Registered Data

[00632] From model-blind to model-aware learning of inverse problems in imaging

  • Session Date & Time :
    • 00632 (1/2) : 3C (Aug.23, 13:20-15:00)
    • 00632 (2/2) : 3D (Aug.23, 15:30-17:10)
  • Type : Proposal of Minisymposium
  • Abstract : In recent years, there has been an increasing interest in exploring how to combine the practical advantages of learning-based methods with the theoretical understanding and the convergence guarantees coming from model-based approaches for the regularisation of ill-posed inverse problems. This mini-symposium will bring together researchers working on data-driven methods and deep learning for inverse problems in the attempt to providing an overview of the mathematical insights able to shed light on how learned image reconstruction approaches can be reliable tools for real-world applications.
  • Organizer(s) : Tatiana A. Bubba, Luca Calatroni, Luca Ratti
  • Classification : 68T07, 65R32, 45Q05, artificial neural networks, deep learning, inverse problems
  • Speakers Info :
    • Samuli Siltanen (University of Helsinki)
    • Andrea Sebastiani (University of Bologna)
    • Silvia Sciutto (University of Genoa)
    • Alice Oberacker (Universität des Saarlandes)

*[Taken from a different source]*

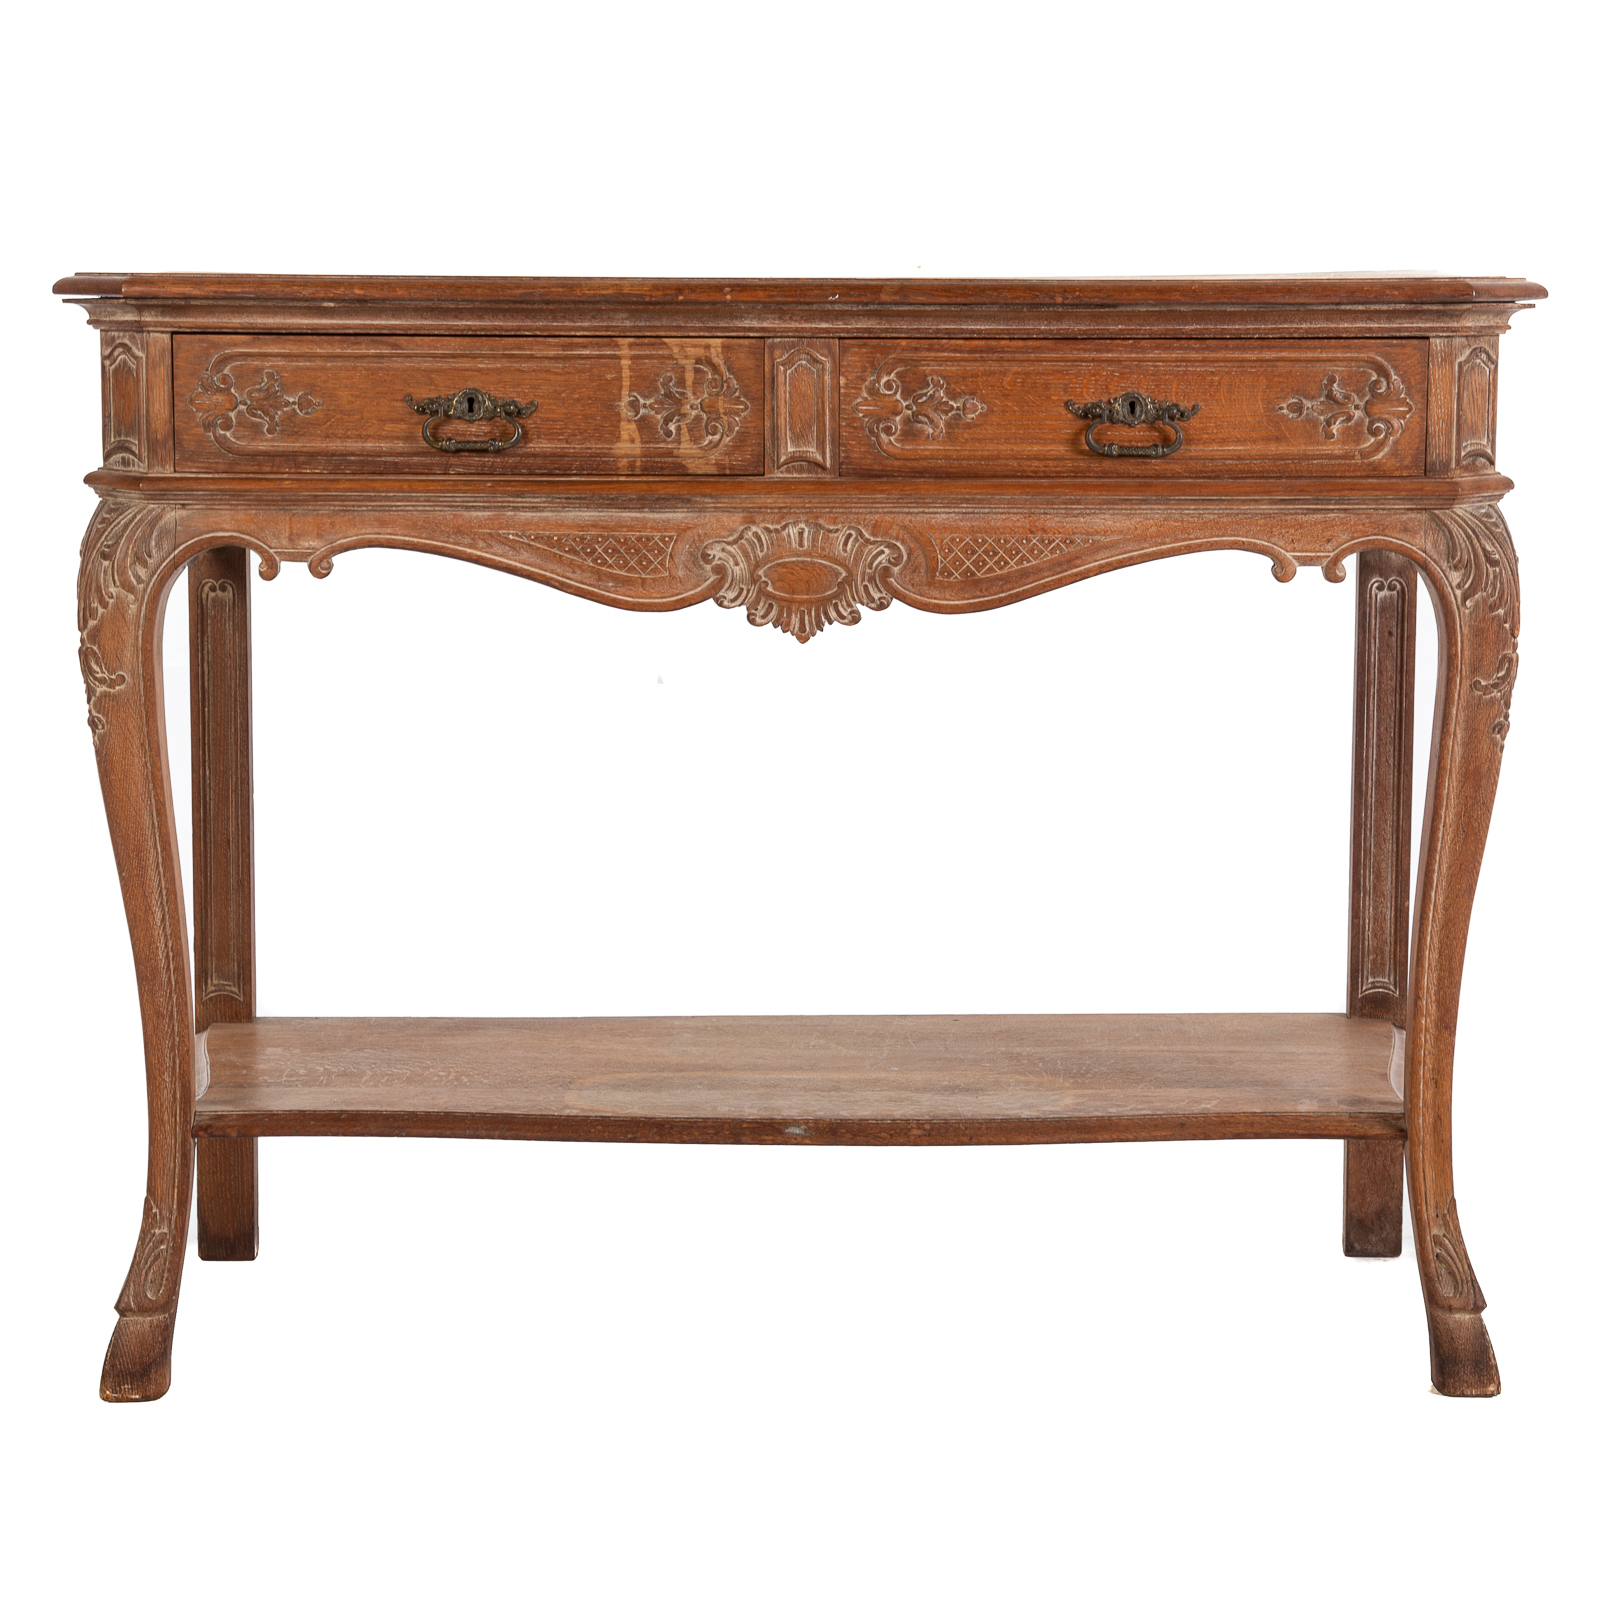 FRENCH OAK TWO-DRAWER CONSOLE TABLE

    • Serena Morigi (University of Bologna)
    • Julian Tachella (CNRS and ENS de Lyon)
    • Malena Sabaté Landman (Department of Applied Mathematics and Theoretical Physics, University of Cambridge)
    • Sadegh Salehi (University of Bath)
  • Talks in Minisymposium :
    • [01569] Continuous Generative Neural Networks for Inverse Problems
      • Author(s) :
        • Giovanni Alberti (University of Genoa)
        • Matteo Santacesaria (University of Genoa)
        • Silvia Sciutto (University of Genoa)
      • Abstract : We study Continuous Generative Neural Networks CGNNs, namely, generative models in the continuous setting. The architecture is inspired by DCGAN, with one fully connected layer, several convolutional layers and nonlinear activation functions. In the continuous L^2 setting, the dimensions of the spaces of each layer are replaced by the scales of a multiresolution analysis of a compactly supported wavelet. We present conditions on the convolutional filters and on the nonlinearity that guarantee that a CGNN is injective. This theory finds applications to inverse problems, and allows for deriving Lipschitz stability estimates for possibly nonlinear infinite-dimensional inverse problems with unknowns belonging to the manifold generated by a CGNN.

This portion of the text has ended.